→ Task directions
Repeat the listing exactly. The images do not belong in the copy.

→ Data shown
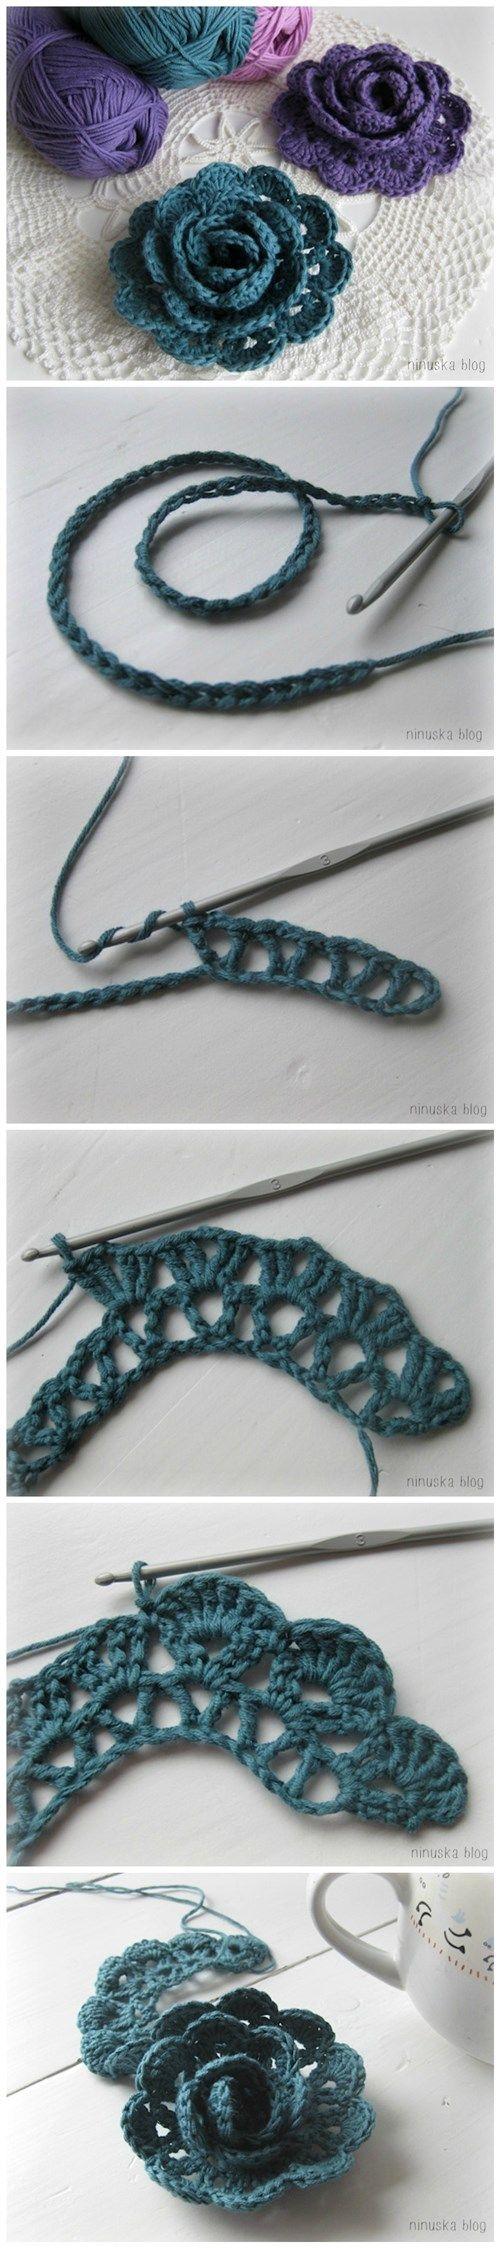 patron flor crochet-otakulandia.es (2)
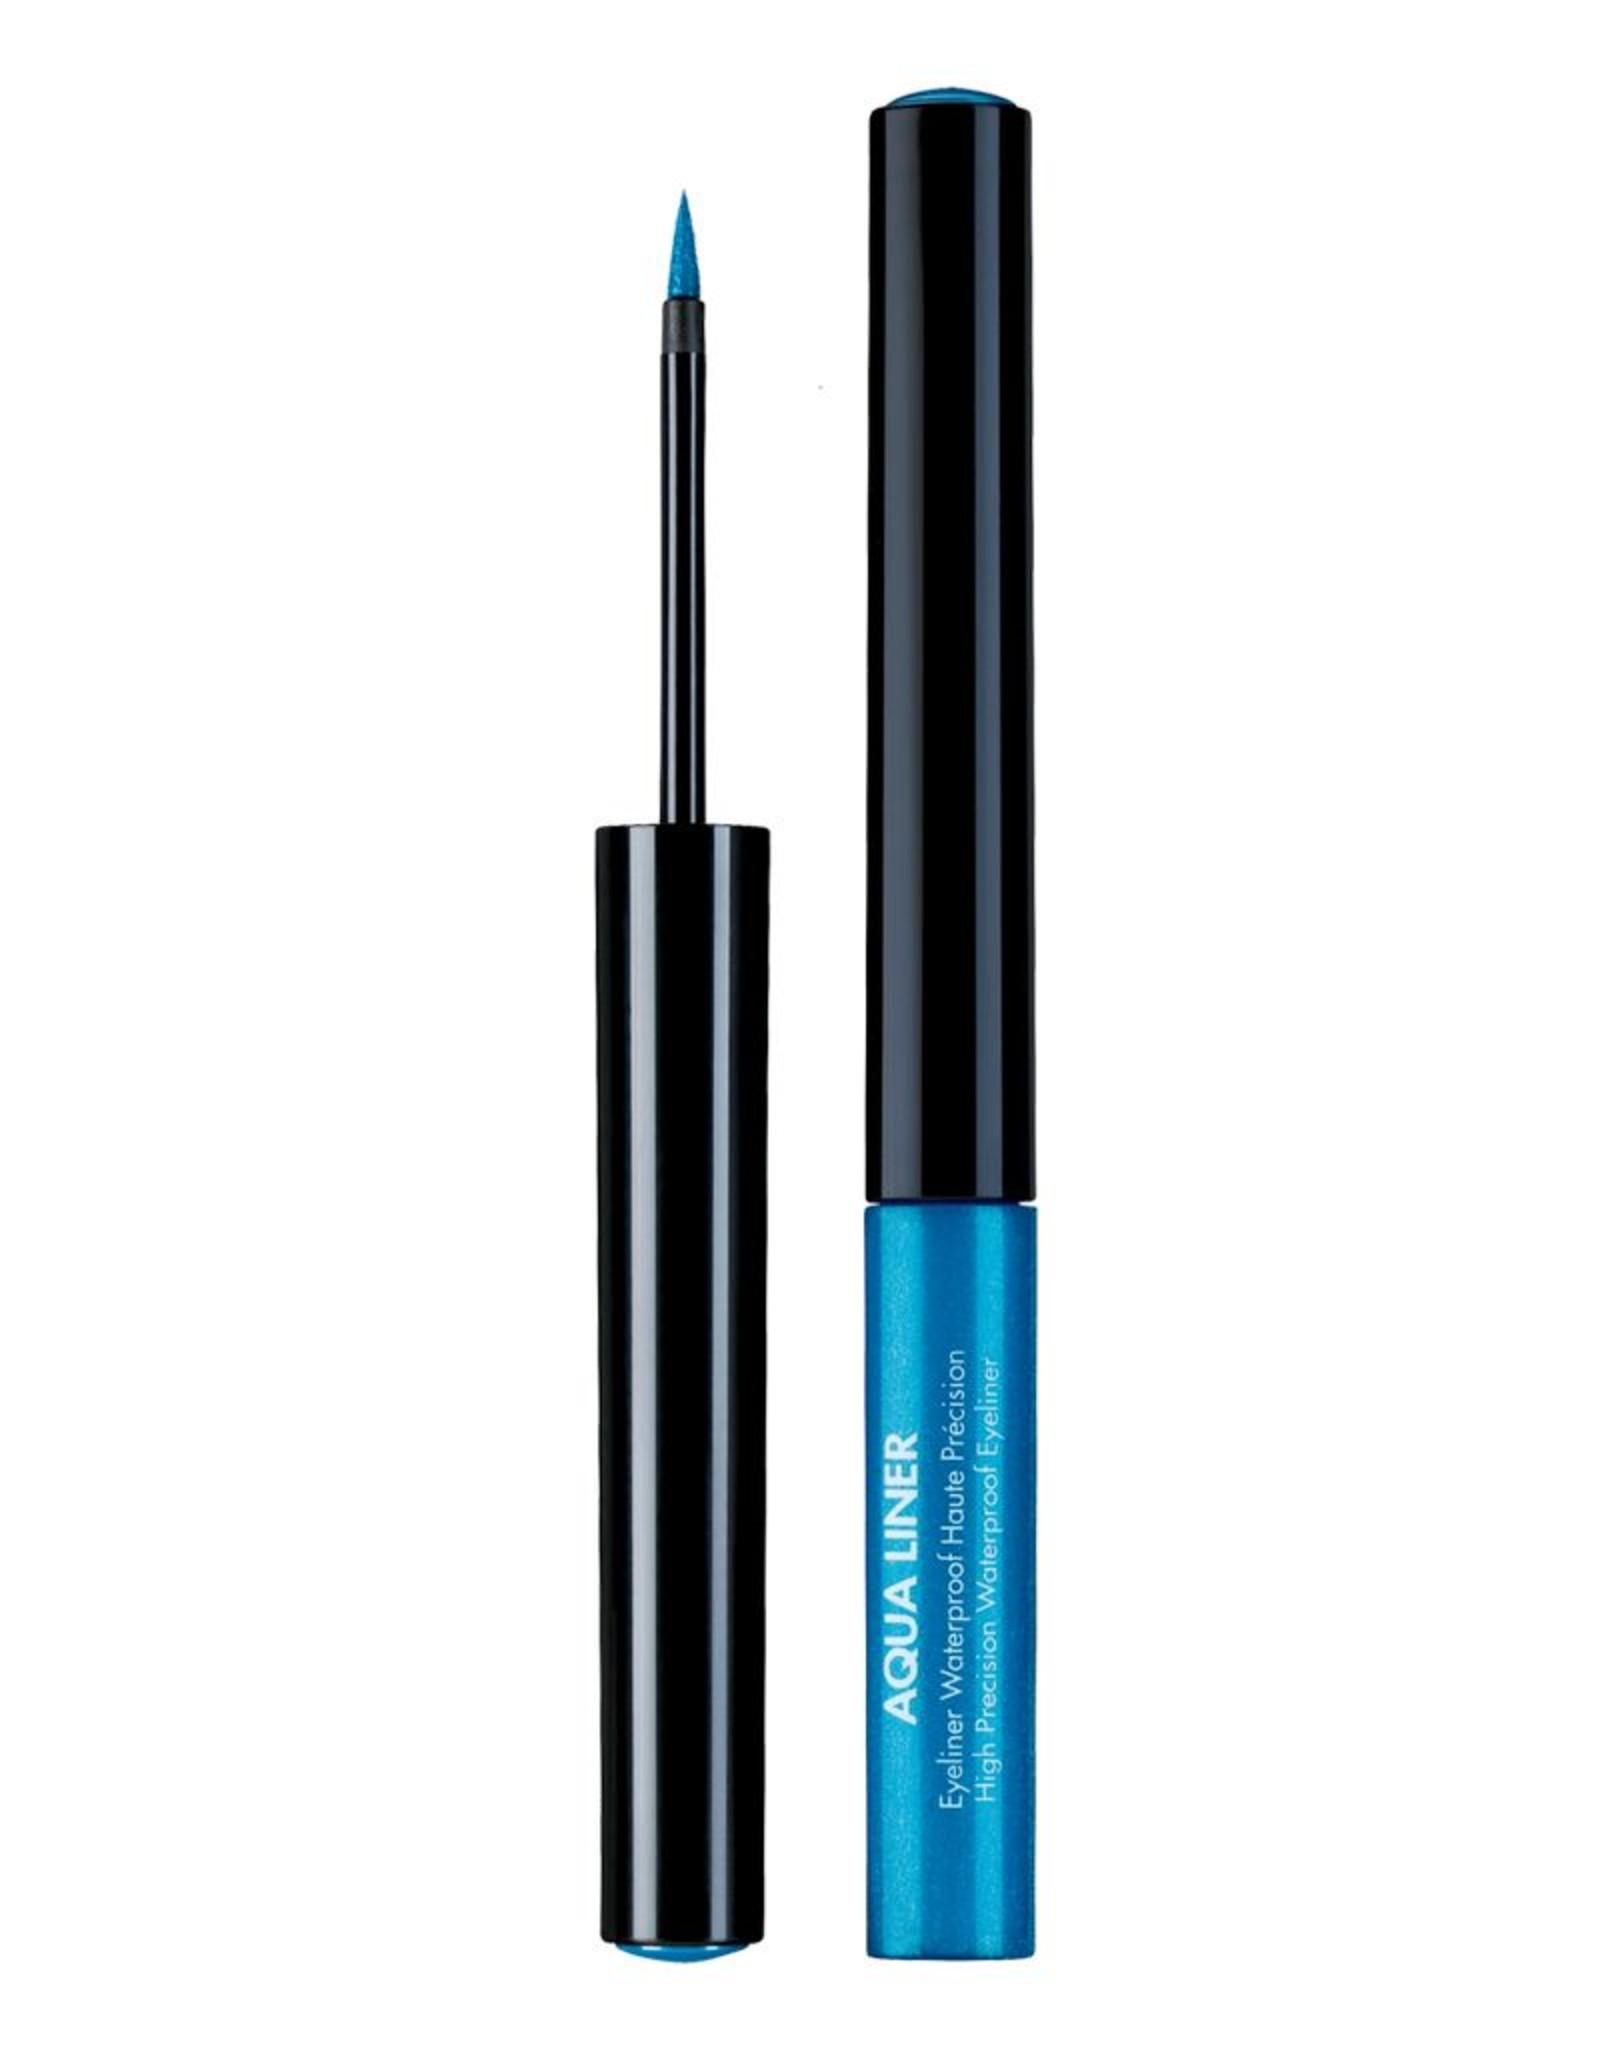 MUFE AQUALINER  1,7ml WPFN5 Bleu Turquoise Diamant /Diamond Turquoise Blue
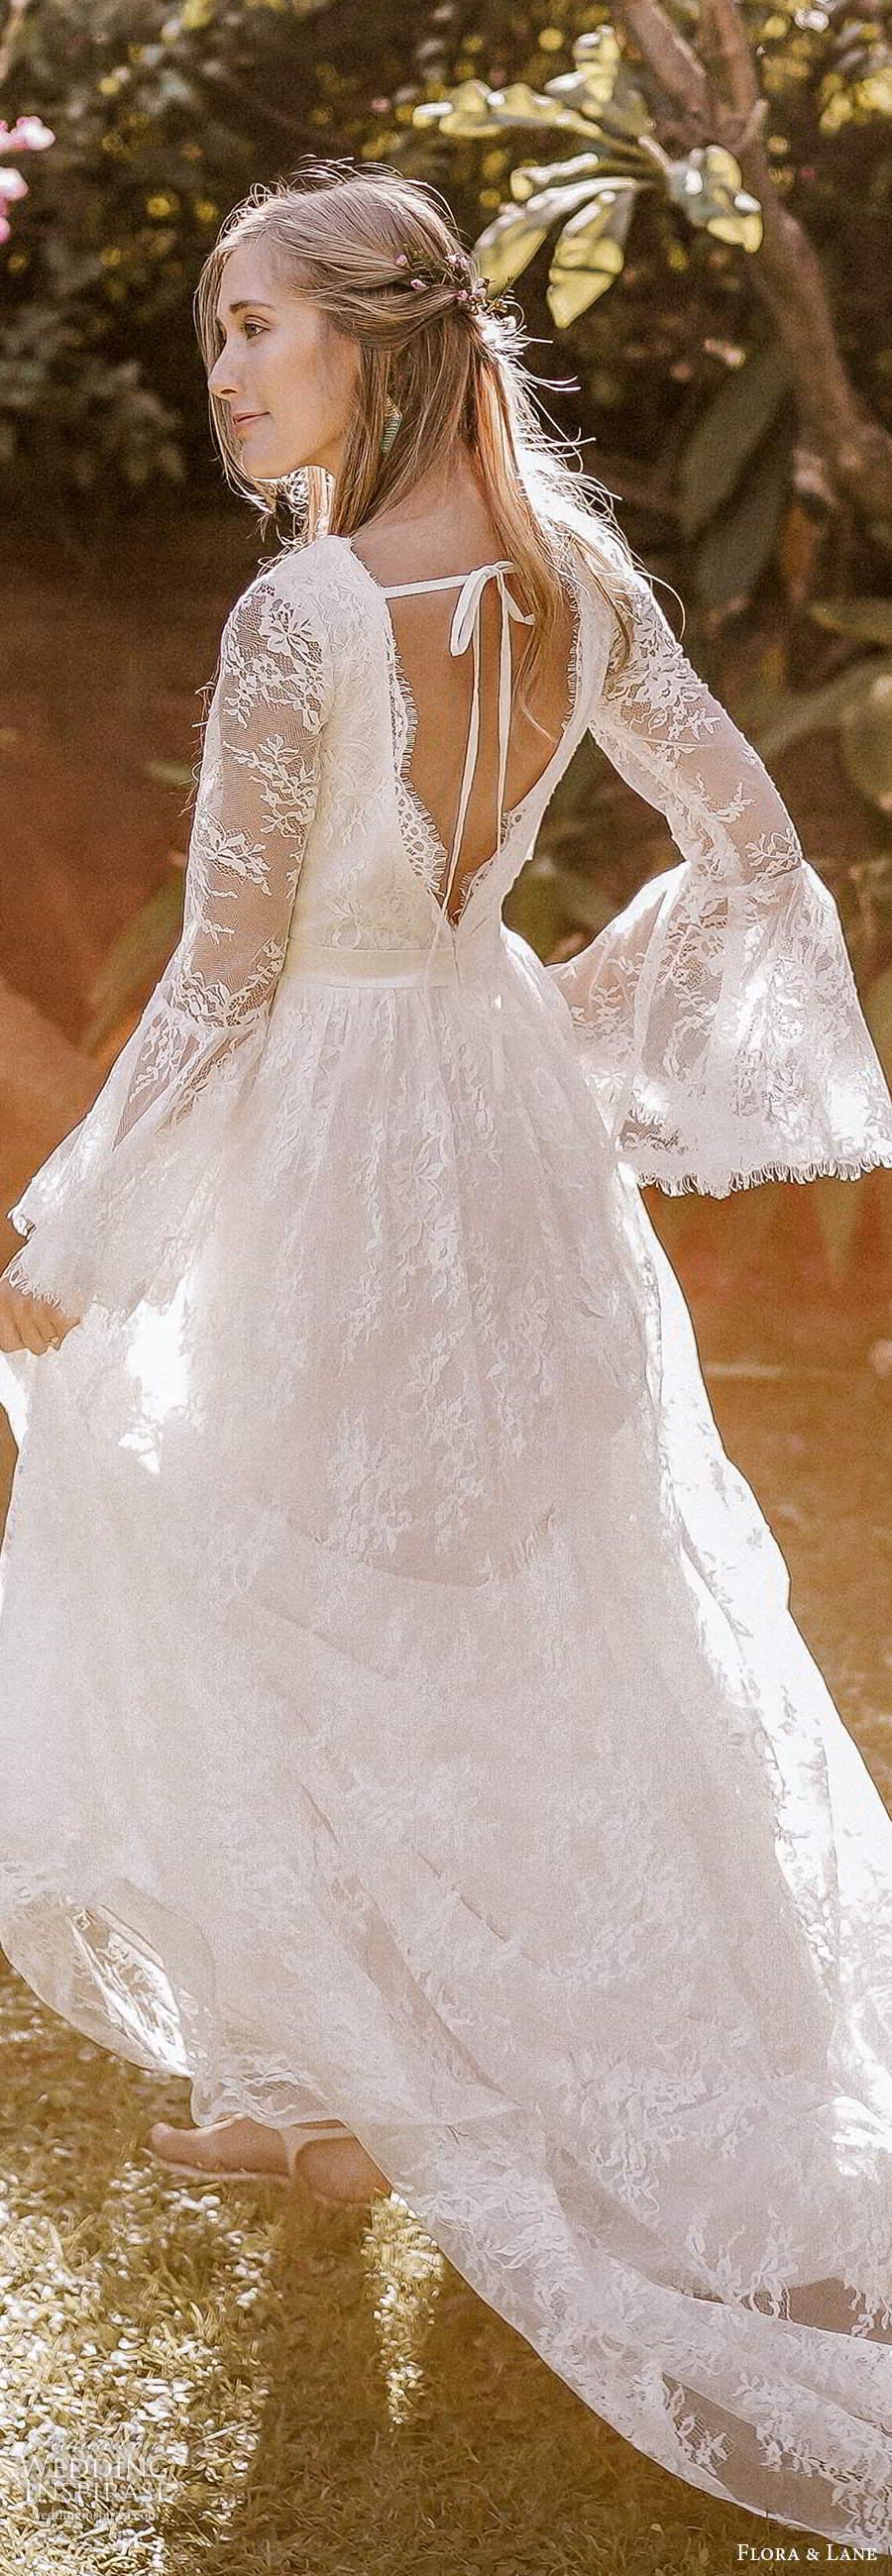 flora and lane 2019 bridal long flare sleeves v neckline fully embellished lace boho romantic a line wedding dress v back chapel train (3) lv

→ Output of the exercise
 patron flor crochet-otakulandia.es (2)
 MUFE AQUALINER  1,7ml WPFN5 Bleu Turquoise Diamant /Diamond Turquoise Blue
 flora and lane 2019 bridal long flare sleeves v neckline fully embellished lace boho romantic a line wedding dress v back chapel train (3) lv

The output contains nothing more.